To Baron, the issue is real, but he's not yet ready to give the contest to Intel and IBM. Sun has designed features into UltraSparc that differ from Intel's Pentium or upcoming Itanium, or IBM's Power designs.

"The main innovations that Sun has brought to the world are not its competitiveness on megahertz [clock speed]," Baron said. Sun has designed parallel instruction processing and a high-speed bus into UltraSparc III that lets the chip handle multiple tasks at a time. In addition, it has a memory controller built in that allows each UltraSparc chip to control up to 8 megabytes of system memory. On a multiprocessor system, this memory controller gives each chip the equivalent of "a very large cache," or memory pool, reserved for the data and instructions likely to be used next by the chip, Baron said.

Such a move accelerates the operation of each chip in a multiprocessor system by preventing collisions between processors seeking the same data that often cause other systems to spin their wheels, he said.
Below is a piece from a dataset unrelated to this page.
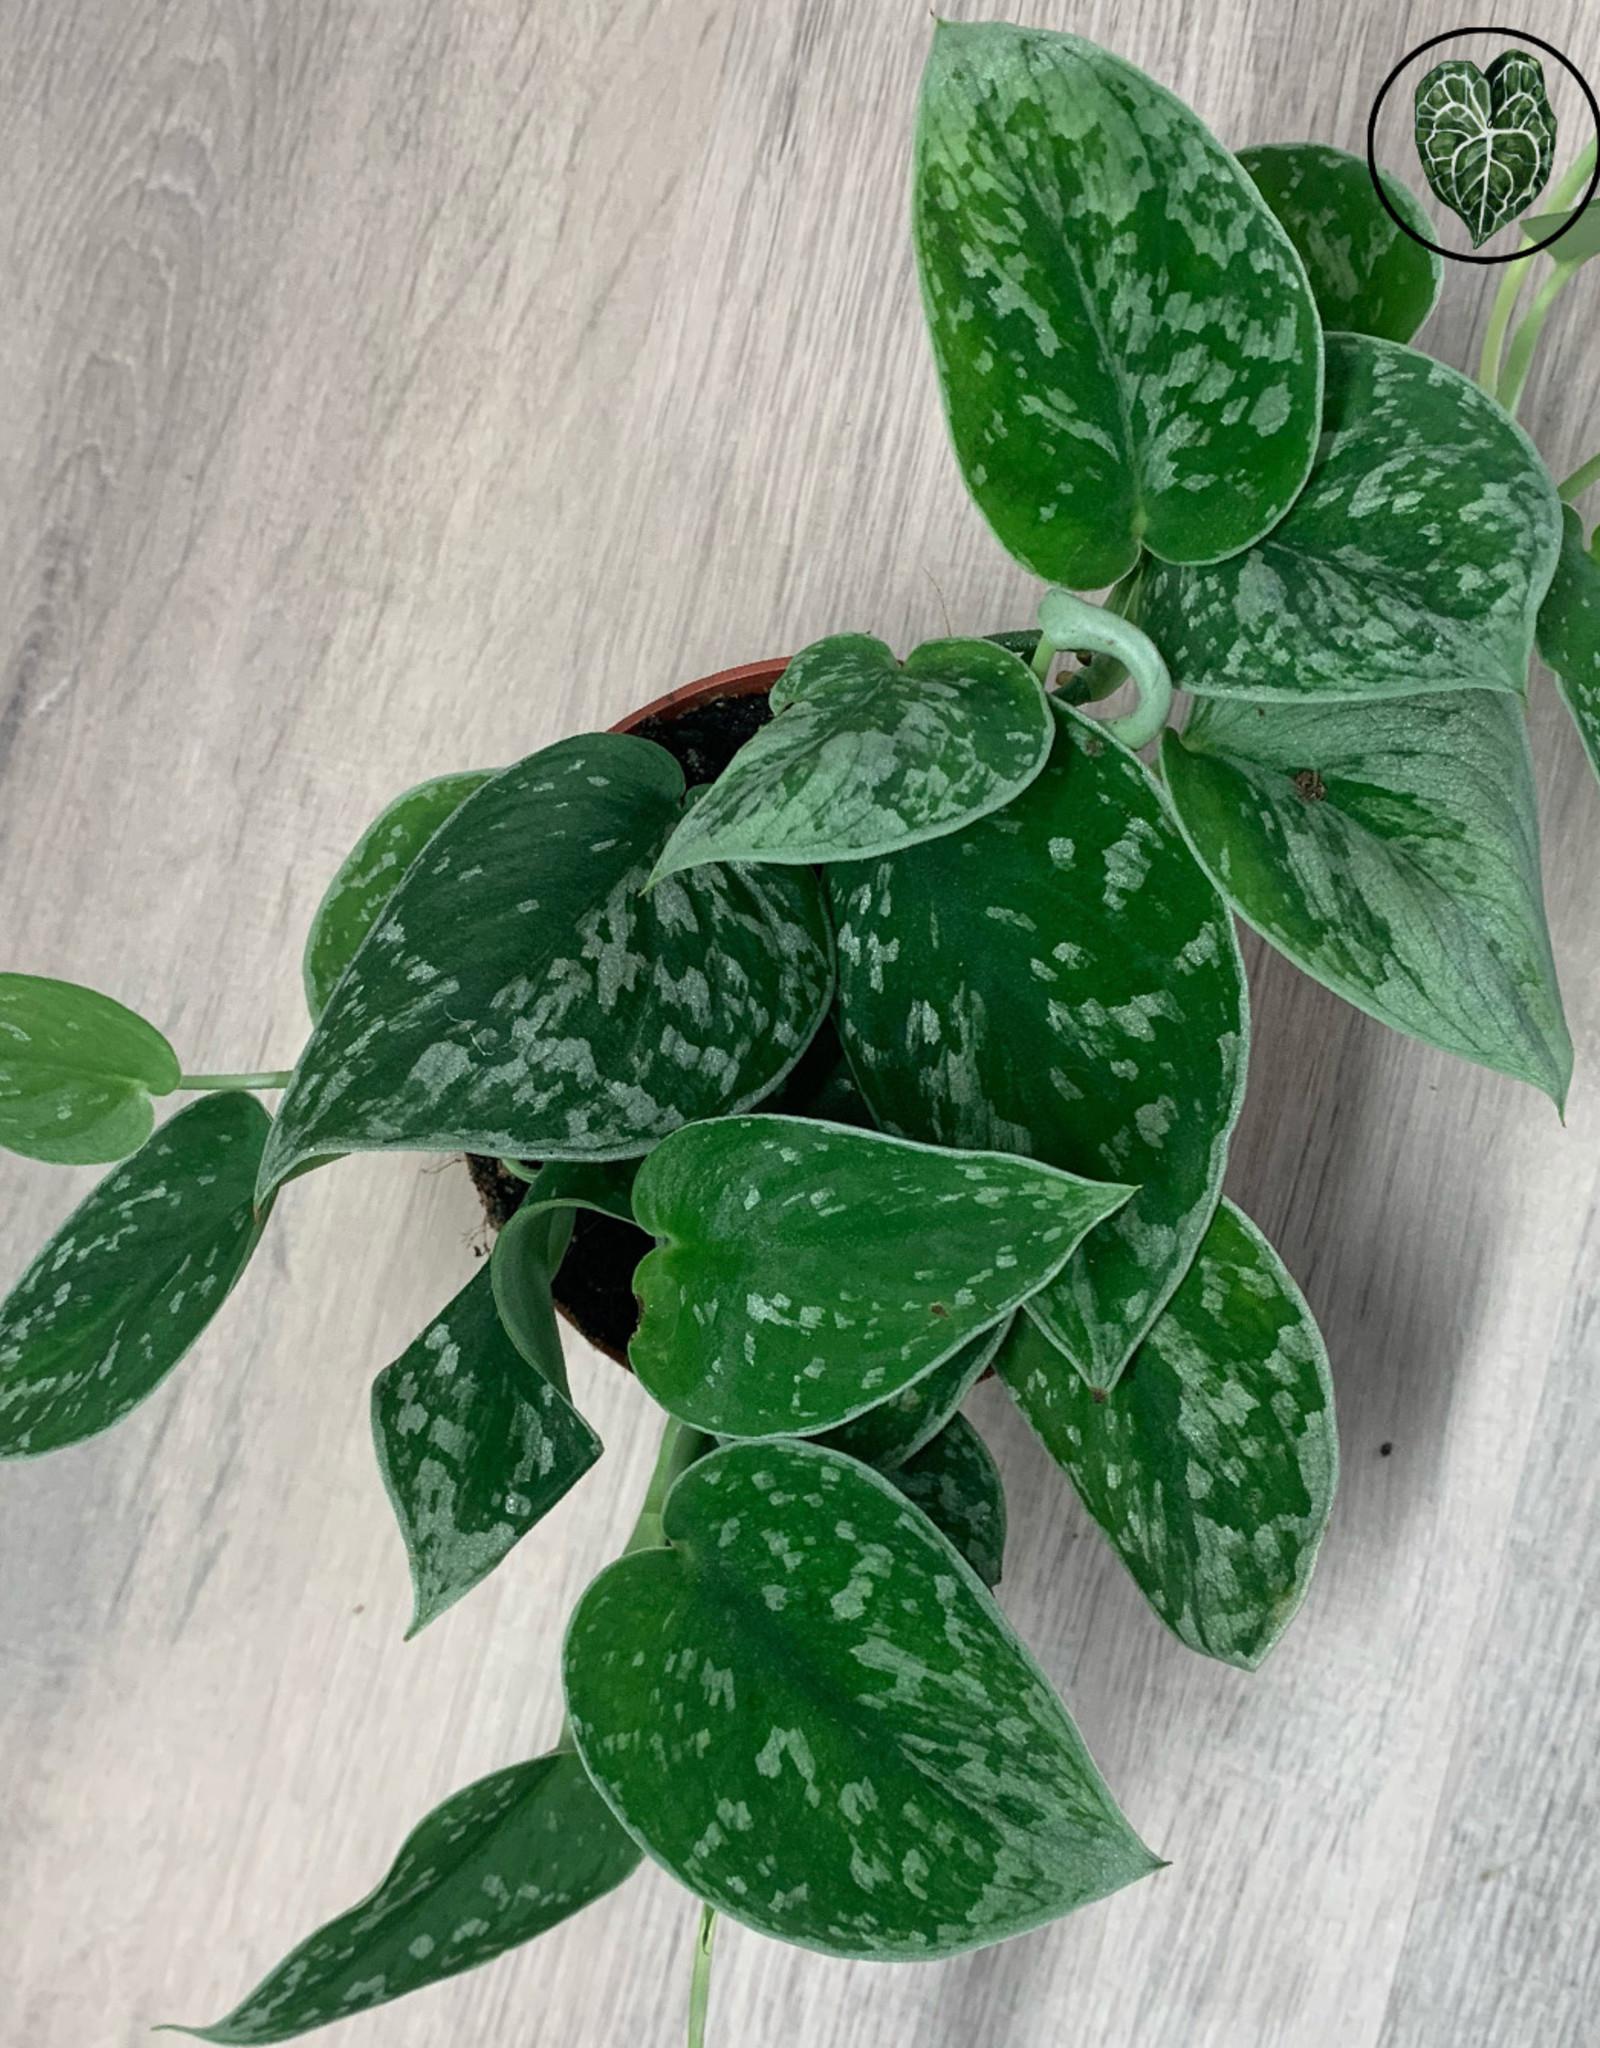 Scindapsus & Epipremnum Scindapsus (Epipremnum) Pictus
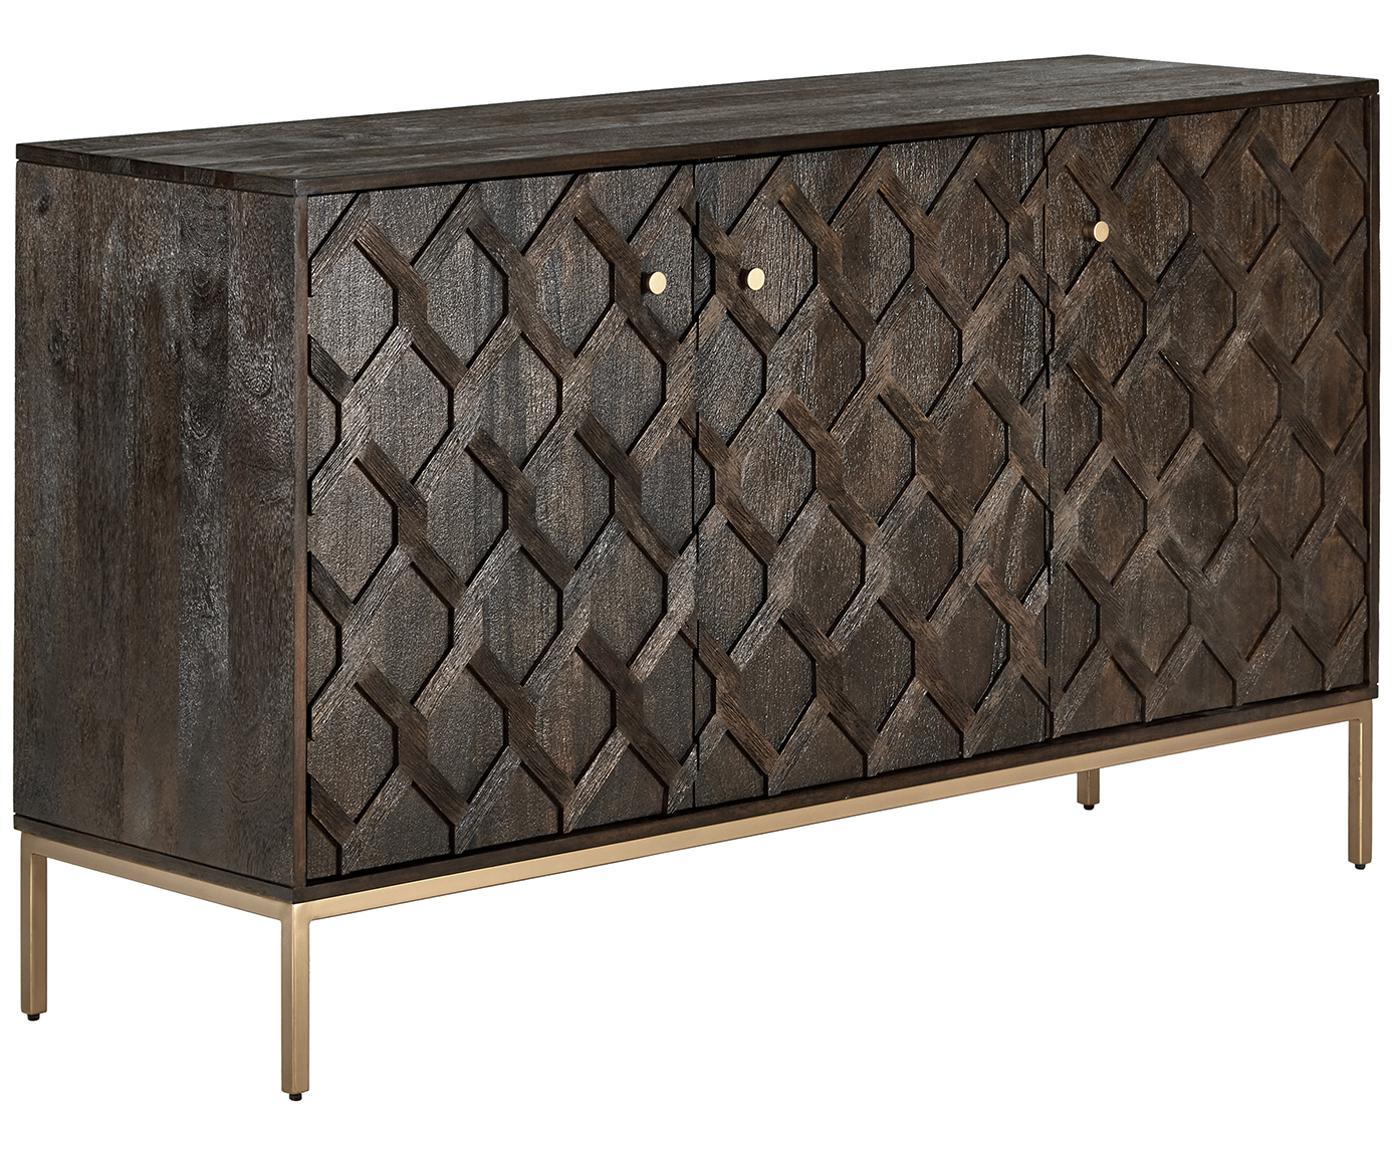 Credenza in legno massello Clive, Struttura: metallo verniciato a polv, Legno di mango, dorato, Larg. 150 x Alt. 85 cm

If the memory controller proves a boon to multiprocessor server design, Sun may be able to bulk up its Enterprise 10000 servers beyond 64 processors to hundreds of chips and get added performance with few penalties.

"The real merit of this device will be apparent in multiprocessor servers," Baron said, "but Sun still has to prove it."

Sun has aligned itself well with the Internet, Aberdeen's Becknell said. But both Compaq and IBM are rapidly pushing big server technology downward through their midrange and thin-server product lines. New chip technology will impact which company can produce the most powerful high-end servers, and the outcome of the race remains anyone's guess, she said.